Aber welche von denen muss ich downloaden: http://apache.imsam.info/xml/xerces-j/


Danke


----------



## clemson (28. Apr 2006)

kommt drauf an, was für ein "zip" format du haben willst.. ? 

soweit ich das seh, sind alles die gleichen parser, nur in verschiedenen archiven verpackt (zumindest die oberen archive, die unteren beinhalten zusätzlich noch den source code bzw. beispiele)
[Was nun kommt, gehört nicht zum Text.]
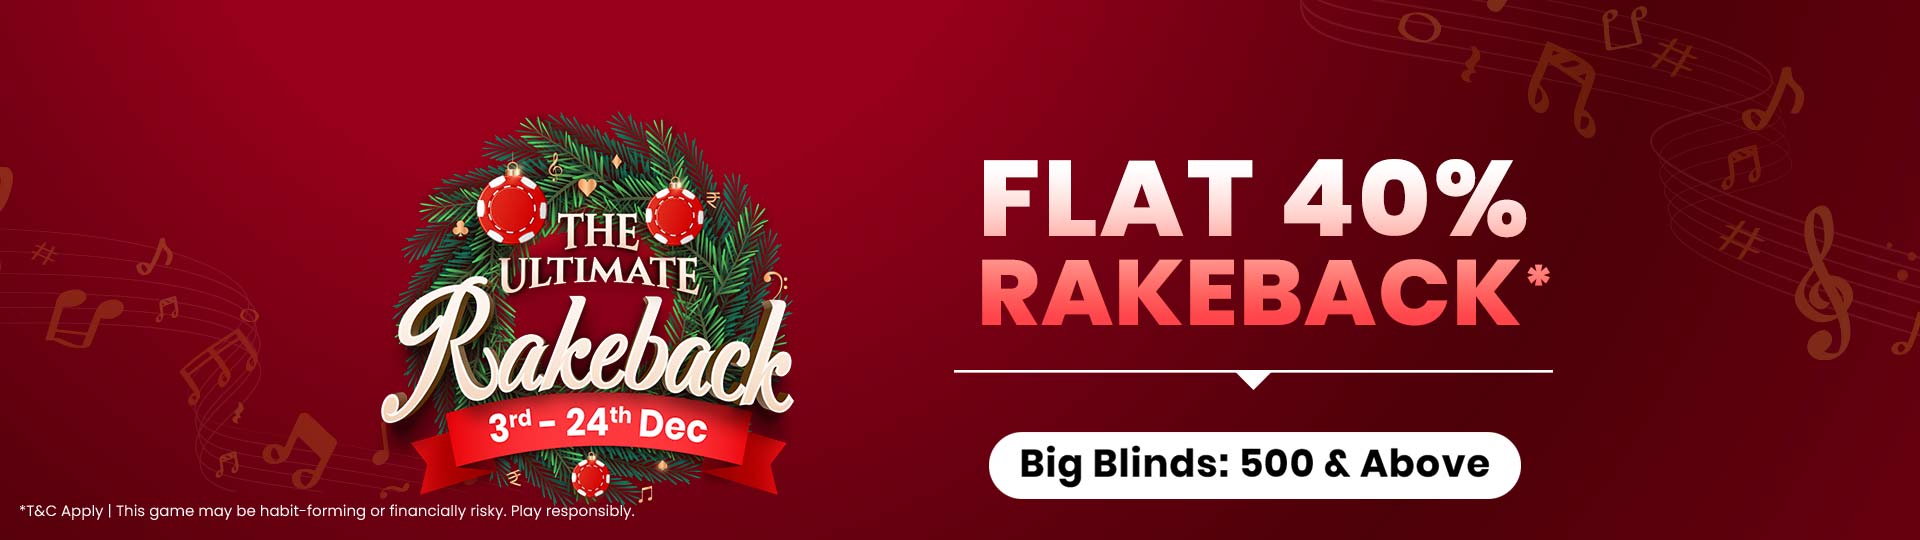 Adda52|Online|Poker|The Ultimate Rakeback|December

probiers mal mit tar.gz bzw. zip

und aus diesem archiv dann die "xercesImpl.jar" in den classpath schmeissen...


----------



## java_freaker (28. Apr 2006)

Es liefer mir das:

<?xml version="1.0" encoding="UTF-8"?>
<Unternehmen xmlns:xsi="http://www.w3.org/2001/XMLSchema-instance" xsi:noNamespaceSchemaLocation="xml_schema.xsd">
  <Mitarbeiter>
    <Vorname>Hagen</Vorname>
    <Vorname>Dieter</Vorname>
    <Name>Becker</Name>
    <Geburtsdatum>1967-08-13</Geburtsdatum>
    <Gehalt>39512.34</Gehalt>
  </Mitarbeiter>
  <Mitarbeiter>
    <Vorname>Jutta</Vorname>
    <Name>Stehl</Name>
    <Geburtsdatum>1976-09-11</Geburtsdatum>
    <Gehalt>42500.34</Gehalt>
  </Mitarbeiter>
</Unternehmen>

d.h. es ist durchgelaufen oder nicht?

Danke


----------



## java_freaker (28. Apr 2006)

Und was heissen die ganzen URL's wie z.B: 
http://www.w3.org/2001/12/soap-envelope soap-envelope.xsd
http://kevinj.develop.com/weblog/weblog.xsd weblog.xsd

Was hat es für einen Grund?

Danke nochmals für deine Hilfe

 :applaus:  :meld:


----------



## byte (28. Apr 2006)

Das musst Du mit Deinem XML Schema austauschen.


----------